Seviyesizliğin bükülmez bileği
Bütün meselelerden önce Türkiye’nin birinci meselesi seviyesizliktir. Listenin başından asla inmiyor, aşağıdakilerle de arayı açtıkça açıyor. Ekonomi, hariciye, eğitim, akademi, sanayi, teknoloji, kültür, sanat vesaire mühim meseledir ama listede hepsi seviyesizliğin peşinden gelir. Bir ülkenin seviyesi o ülke insanlarının kalitesi, kültürü, sağduyusu, tahammülü ve tartışabilme kabiliyetinden belli olur. Sokaktaki insandan en yukarıya, küçük bir kahvehaneden cesameti en büyük kuruma kadar…
Bizde de manzara ortadadır.
Bir ülke durduk yere en vazgeçilemez insanlık değerlerinden mahrum kalmaz. Bu meziyetlerin eksikliği boşuna değildir. Yerlerini kabadayılık, öfke, şiddet, küfür, hakaret, tuzak, kof cesaret, palavra ve hamaset almıştır. Meclis’te dökülen kan, sahada devrilen başkan, sokaktaki taciz, ekrandaki kibir, gündelik hayattaki gerilim seviyesizlik illetinin eseridir. Çünkü seviyesizlik varsa, utanmaya, arlanmaya, düşünmeye ve anlamaya ihtiyaç yoktur. Güçten ne yapacağını şaşırmış siyaset, akademi, sivil toplum ve hatta arkasındaki gücün gölgesiyle şımaran din, diyanet esnafı da aynı yolun yolcusudur.

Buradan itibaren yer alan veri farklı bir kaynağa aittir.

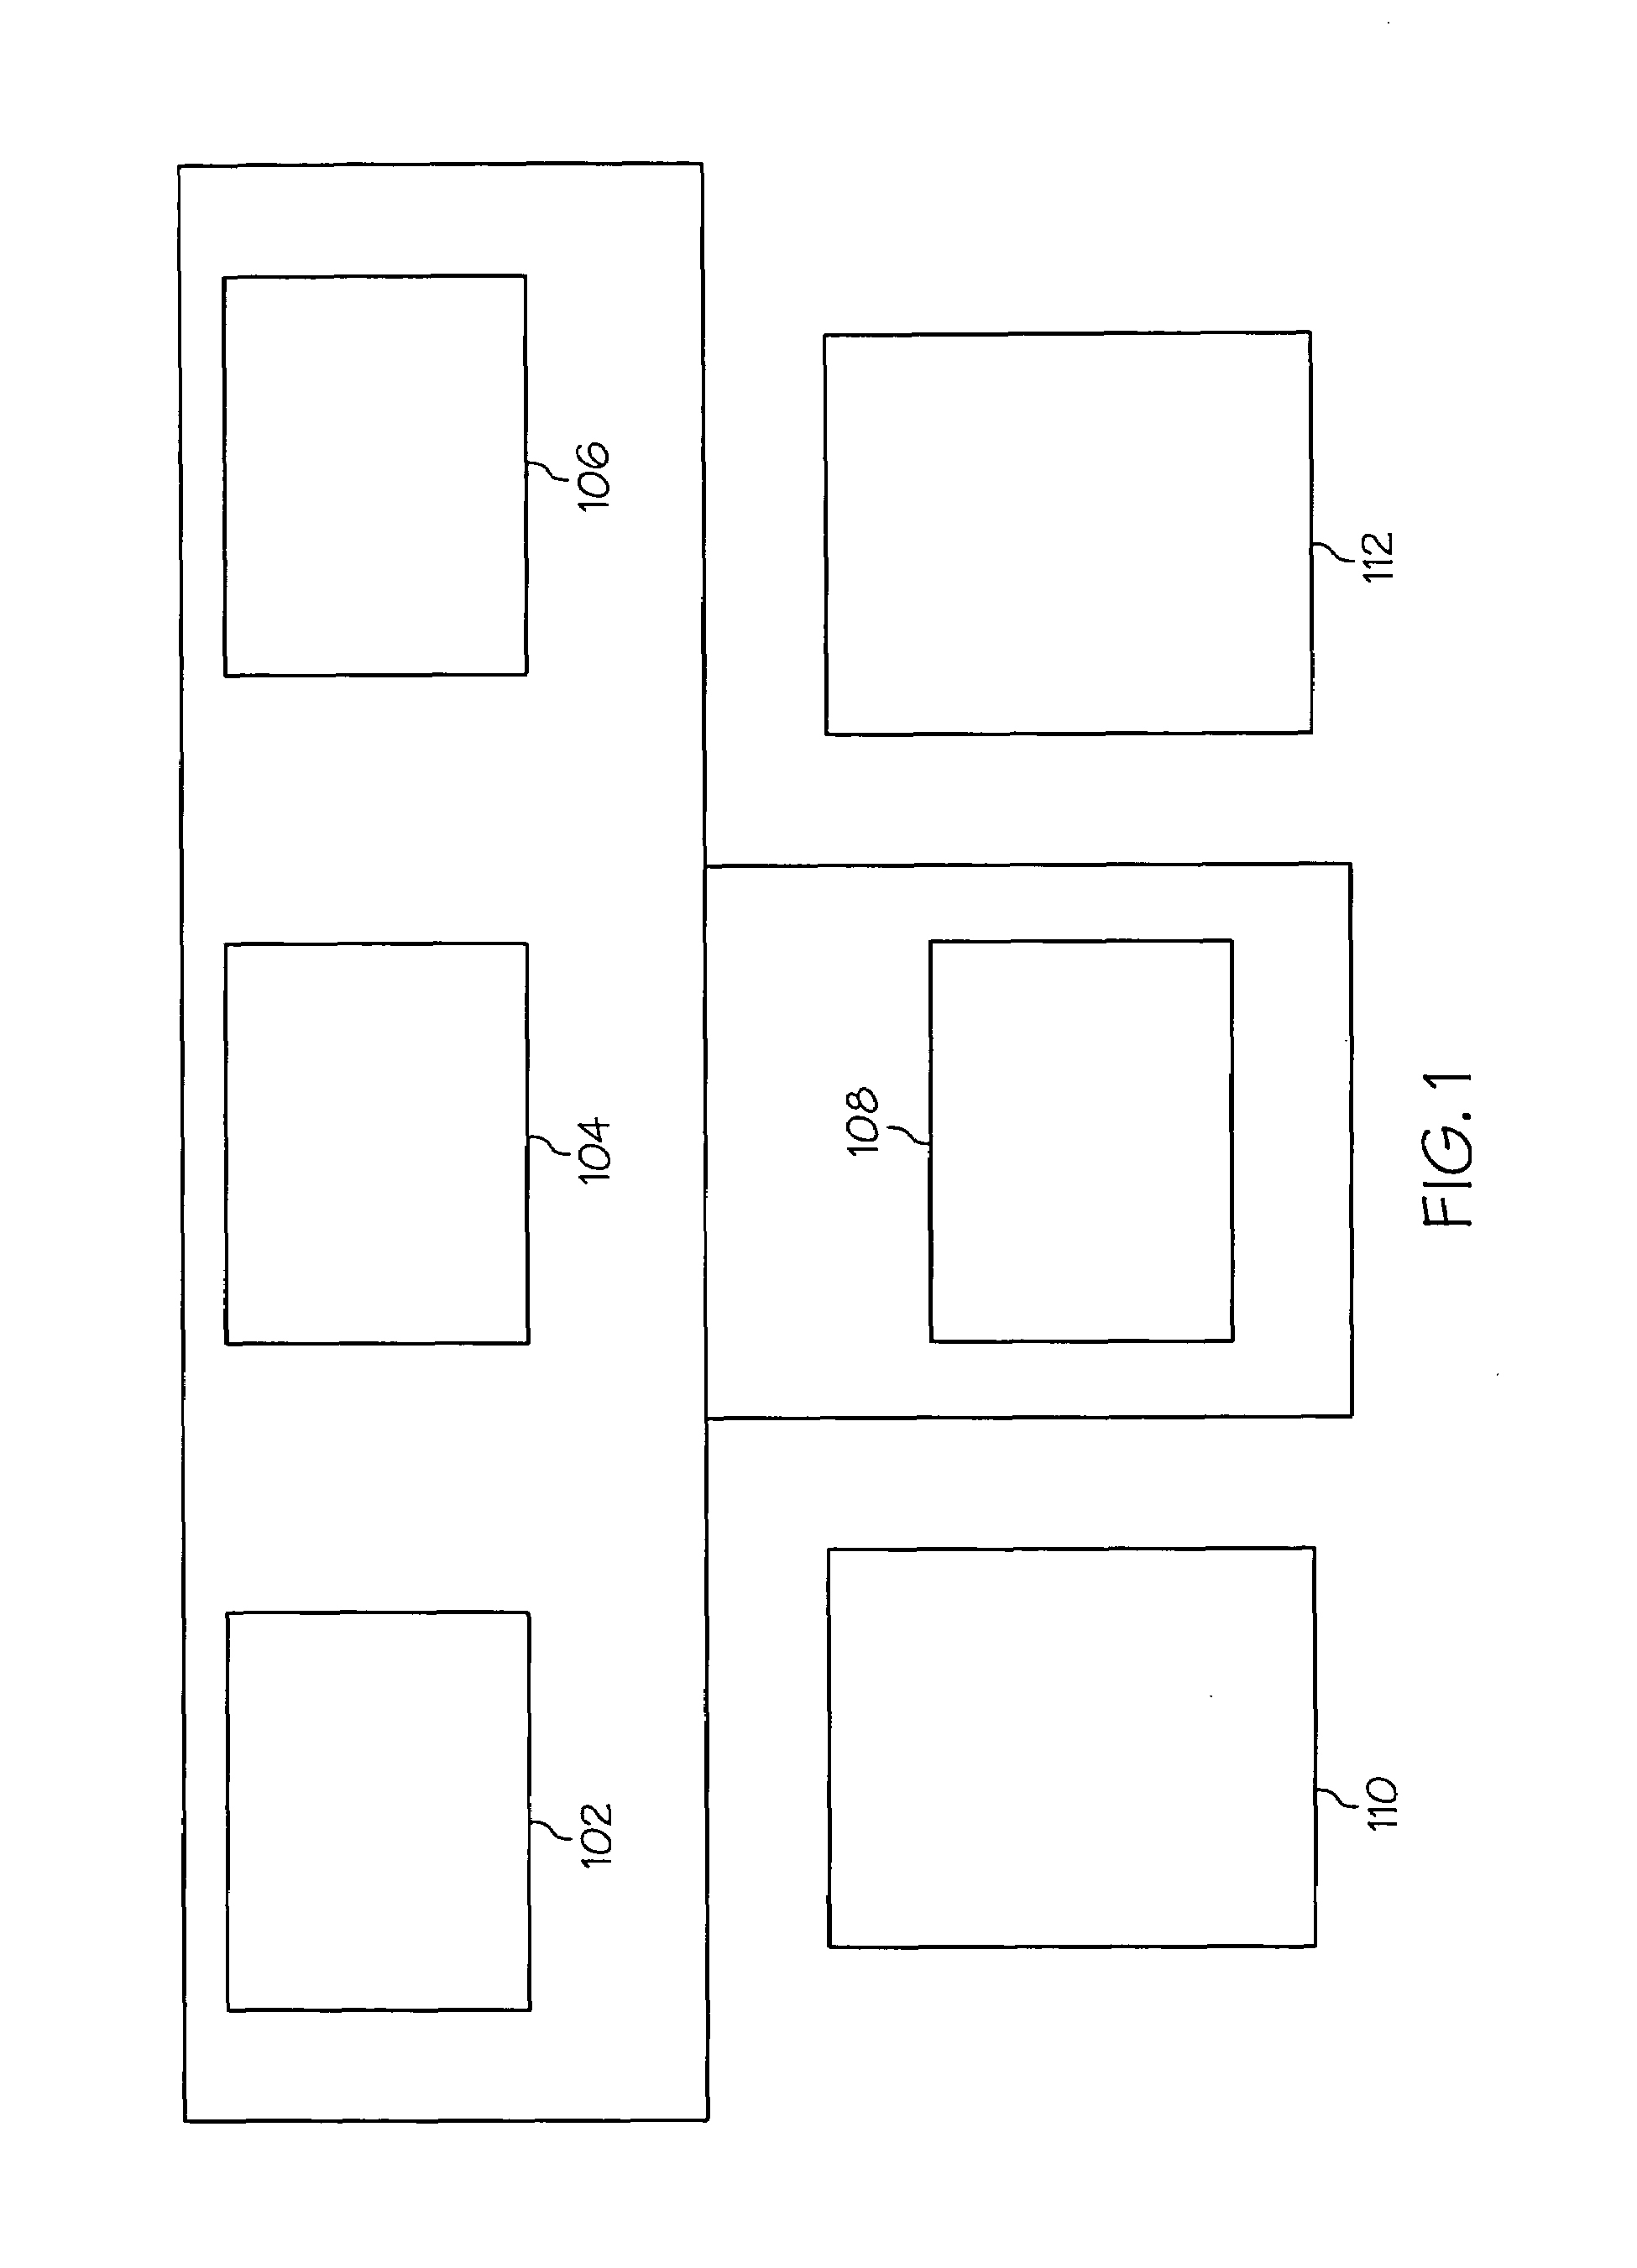 Method and apparatus for automatic display and removal of required synoptic pages in a checklist context

Kötü ahlak iyi ahlaki kovuyor… Kötü yüzler temiz yüzleri gölgeliyor… Kötü sesler nazik sedaları bastırıyor… Kötünün arsız gücü iyinin cesaretini kırıyor… Türkiye koşar adım kalitesizden daha kalitesiz bir geleceğe doğru yürüyor. Usanmıyor, yorulmuyor.
Osmanlı’da konuşanın tepesine “söyletmen, urun!” diye binerlerdi, Cumhuriyeti kurduk, bir asrı geride bıraktık ama vurmanın kırmanın saltanatı bitmedi. Vururlar, kırarlar, itibarsızlaştırırlar, işsiz bırakırlar, yargılarlar, hapse atarlar; her yolla musallat olurlar. Zerre utanmazlar, bir an pişmanlık duymazlar; yaptıklarına da vatan-millet, beka, var olmak mücadelesi derler. Kendi varlıklarından ve bekalarından gayrısını umursamadıkları halde…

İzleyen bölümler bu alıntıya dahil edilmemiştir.